The right package depends on the role. A cashier, driver, caregiver, bookkeeper, executive, and remote employee may each need a different screening approach. That is why small businesses should choose background checks based on job duties, legal requirements, and real-world risk.
EDIFY helps employers build background screening packages that are practical, accurate, and easier to manage. If you are comparing options, see our background check pricing or reach out to talk through what makes sense for your team.
FAQ
Q: What is included in a standard background check?
A: A standard background check usually includes identity verification, Social Security number trace, address history, alias history, criminal record searches, sex offender registry searches, and security watch list searches. For hiring, employers should choose searches that are relevant to the job. A screening partner can help you build the right package.
Q: Does a standard background check include employment verification?
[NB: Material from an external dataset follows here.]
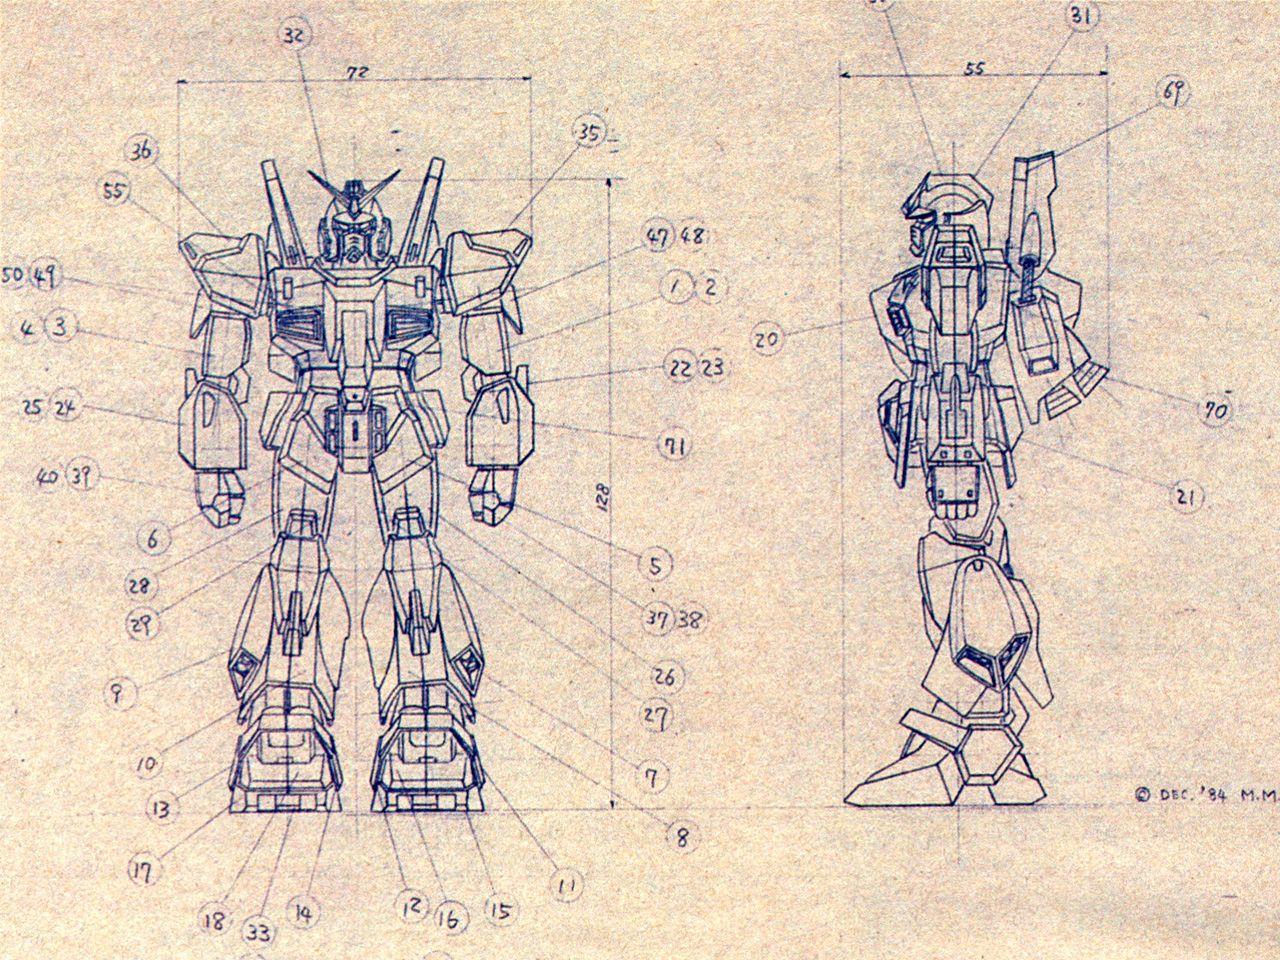 Gundam Schematic | 1 | Pinterest | Gundam, Otaku and Video games

A: Typically, no. Employment verification is often an add-on or part of a more detailed package. It is useful when past experience, job titles, or work history are important to the role. For management, finance, professional services, or skilled positions, it may be worth including.
Q: Do all background checks include drug testing?
A: No. Drug testing is usually separate from a standard background check. Employers often add it for safety-sensitive jobs, regulated roles, post-accident policies, or company drug-free workplace programs. If you use drug testing, make sure your policy is clear, consistent, and compliant with applicable law.
Q: What shows up on a criminal background check for employment?
A: That depends on the searches ordered and the jurisdictions searched. A criminal background check may include county, state, federal, database, sex offender registry, or watch list searches. Potential database records should be verified at the source before they are reported or used in a hiring decision.
Q: How long does a standard background check take?
A: Many standard checks are completed within a couple of business days, but timing depends on the type of searches, court access, address history, and whether records need verification. If employment, education, credential, or international verification is included, the process may take longer.
Q: Can a small business run its own background checks?
A small business can search public information, but using informal methods can create accuracy, privacy, and compliance problems. For employment decisions, it is much safer, faster, and more cost effective to work with a qualified consumer reporting agency and follow FCRA requirements from the start.
Compliance Note
- Get clear written disclosure and authorization before ordering a third-party employment background check.
- If background check results may affect the hiring decision, follow the pre-adverse and final adverse action process.
- Use consistent, role-based screening criteria and avoid blanket policies that ignore job relevance.